Наконец, эта Сэлли под лестницей появилась, и я пошел вниз ей навстречу. Выглядела она зашибенско. По-честному. Такое черное пальто и как бы черный такой беретик. Шляпки она почти и не носила, а беретик этот выглядел неслабо. Уматная фигня в том, что я ее как только увидел, так сразу же захотел на ней жениться. Совсем долбанулся. Мне она даже не очень в жилу была, а тут вдруг ни с того ни с сего мне взбредает, что я в нее втрескался и хочу на ней жениться. Ей-богу, долбанулся. Куда деваться.

— Холден! — говорит она. — Как восхитительно тебя видеть! Сколько лет, сколько зим! — У нее голос такой громкий, что всегда неудобняк, если где-то с ней встречаться. Но ей он с рук сходил, потому что она такая симпотная, нафиг, а у меня от него вечно геморрой.

— И тебя шикарно, — отвечаю. Без балды причем. — Ты как вообще?

— Абсолютно восхитительно. Я опоздала?

Я сказал, что нет, хотя опоздала она вообще-то минут на десять. Да и надристать. Вся эта херня на карикатурах в «Сэтердей Ивнинг Пост» и всяко-разно, когда парень стоит на перекрестке где-нибудь и видно, что злой, как я не знаю что, потому что у него девка опаздывает, — это все транда. Если девка шикарно выглядит, когда с тобой встречается, кому, нафиг, дело, что она опоздала? Никому.

— Давай-ка лучше двинем, — говорю. — Начало в два-сорок. — И мы пошли по лестнице туда, где моторы.
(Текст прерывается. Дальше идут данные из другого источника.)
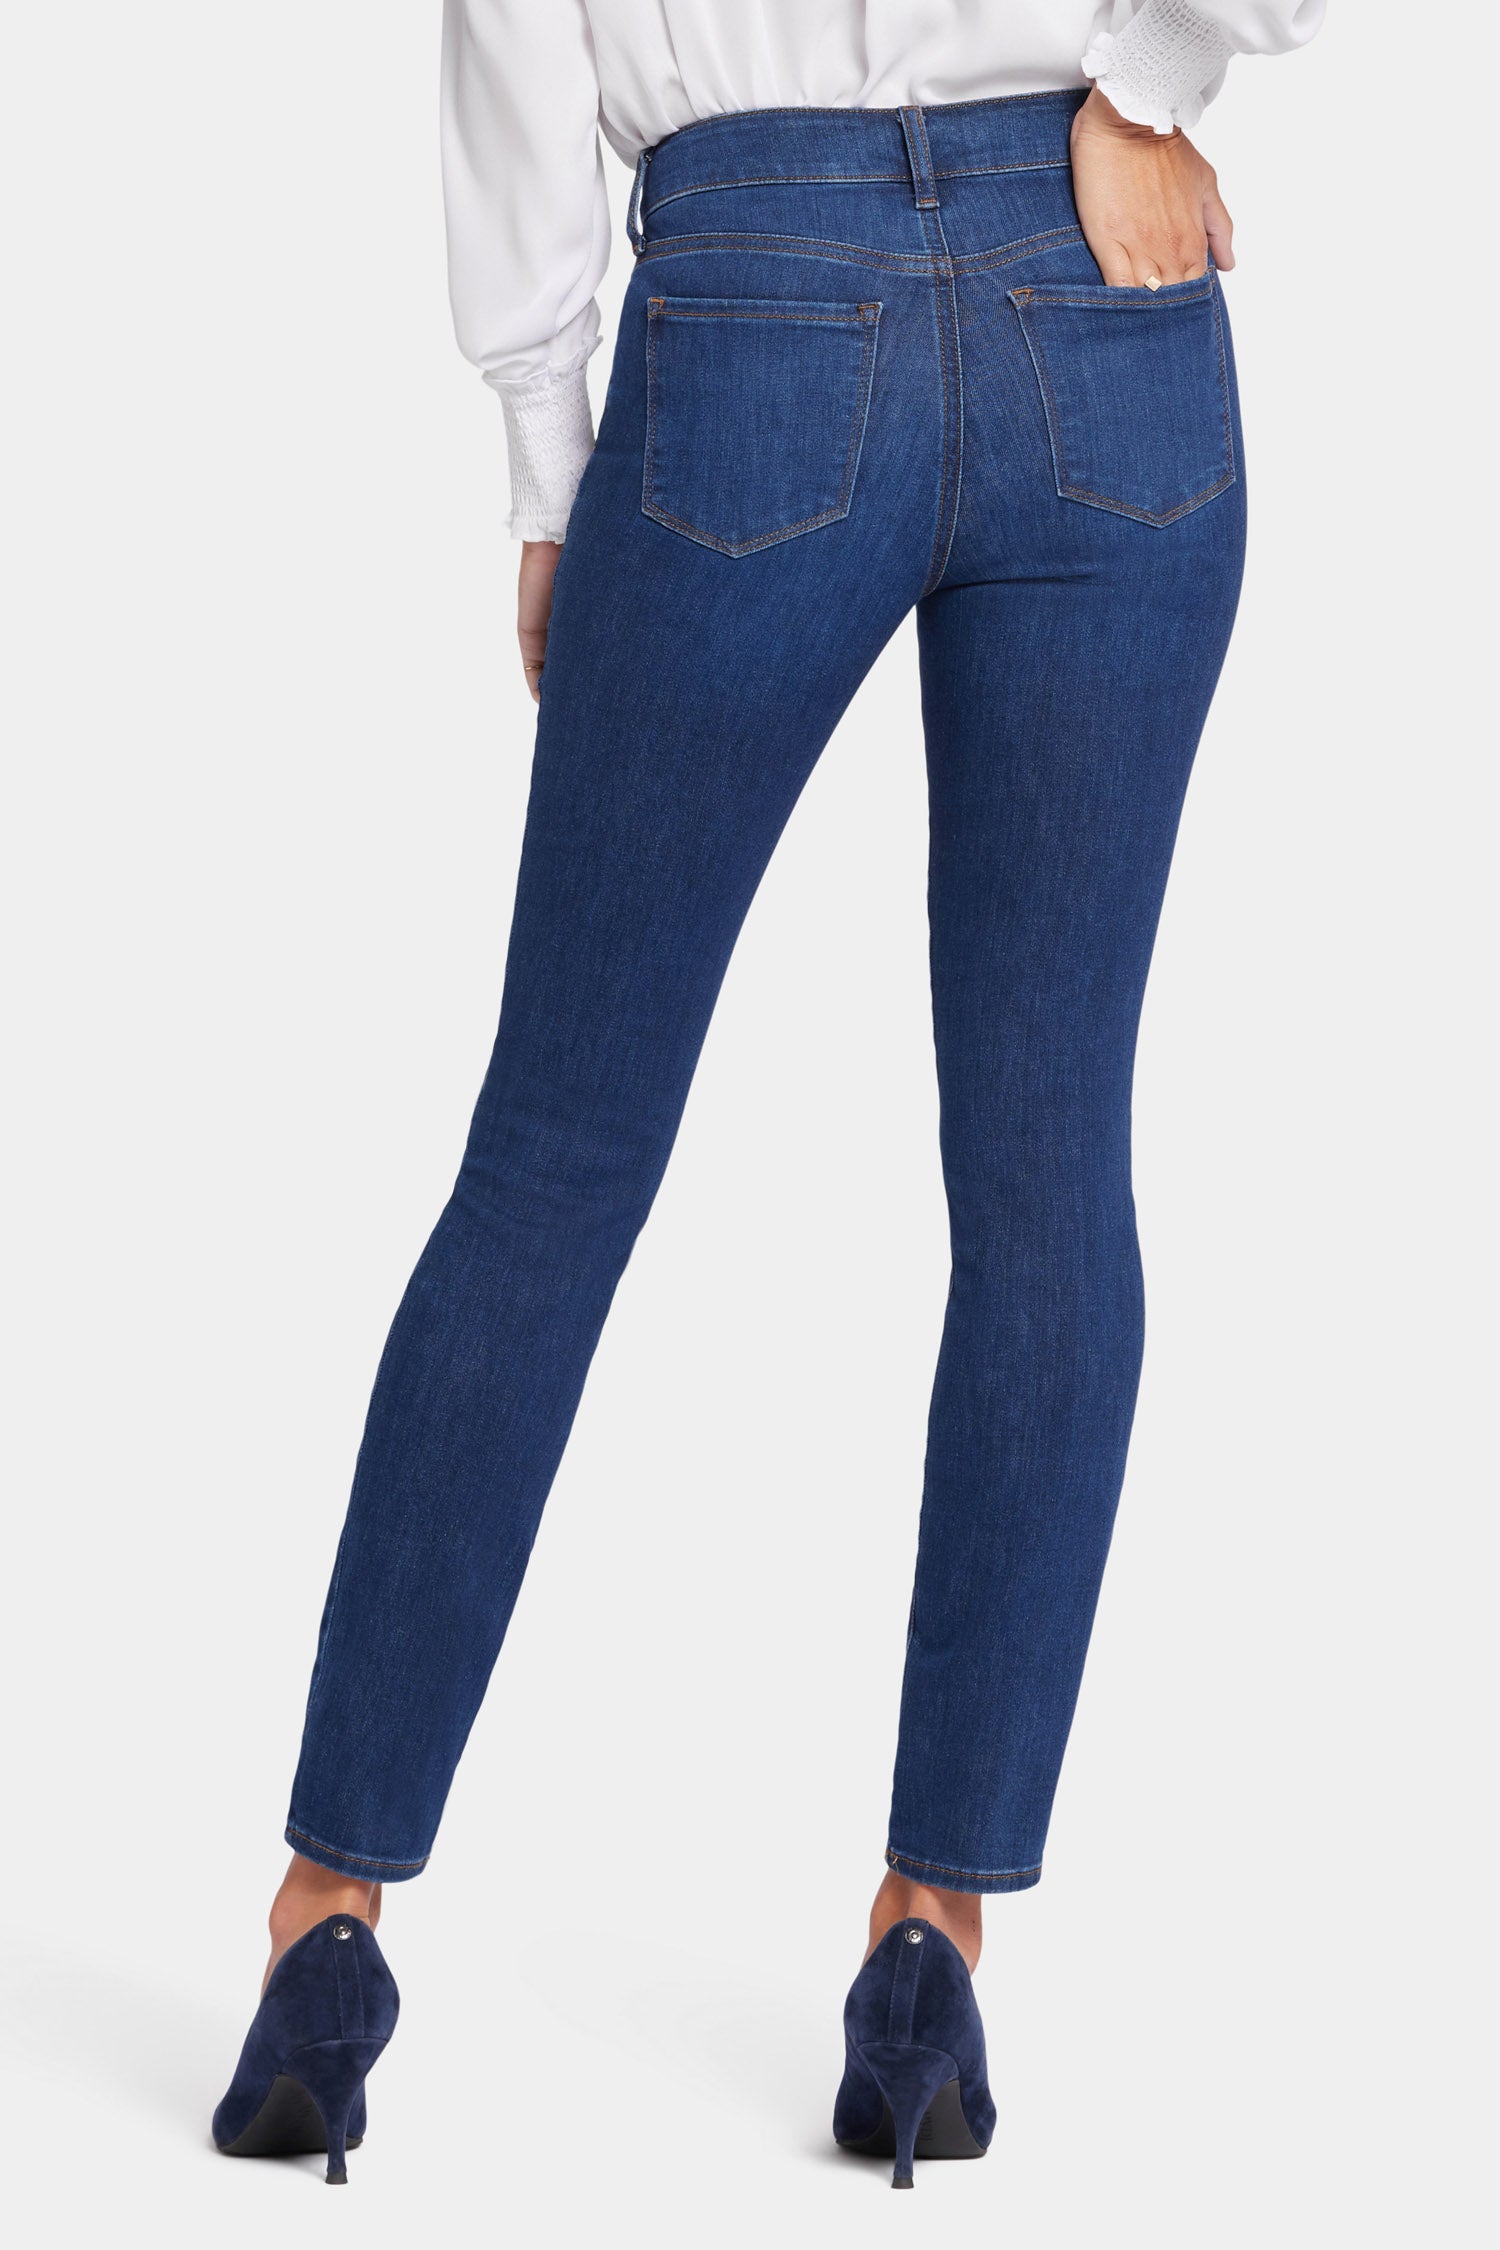 Ami Skinny Jeans - Cooper Blue | NYDJ

— Что мы будем смотреть? — спрашивает.

— Фиг знает. Лунтов. Я только туда билеты достал.

— Лунтов! О, восхитительно!

Я ж говорил вам, она рехнется просто, когда узнает, что на Лунтов.

В моторе по пути в театр мы немного поваляли дурака. Она сначала не хотела, потому что у нее помада и всяко-разно, но я обходительный был, как не знаю кто, и у нее другого выхода не оставалось. Дважды, когда мотор, нафиг, резко тормозил, я чуть с сиденья, нахер, не падал. Эти таксёры, нахер, никогда не смотрят, куда едут, — чесслово, не смотрят. А потом — это чтоб вы поняли, как я долбанулся, — вышли мы из такого тесного клинча, и я ей сказал, что люблю ее и всяко-разно. Враки, само собой, но фигня в том, что когда говорил, я говорил это по — честному. Долбанулся я. Ей-богу, долбанулся.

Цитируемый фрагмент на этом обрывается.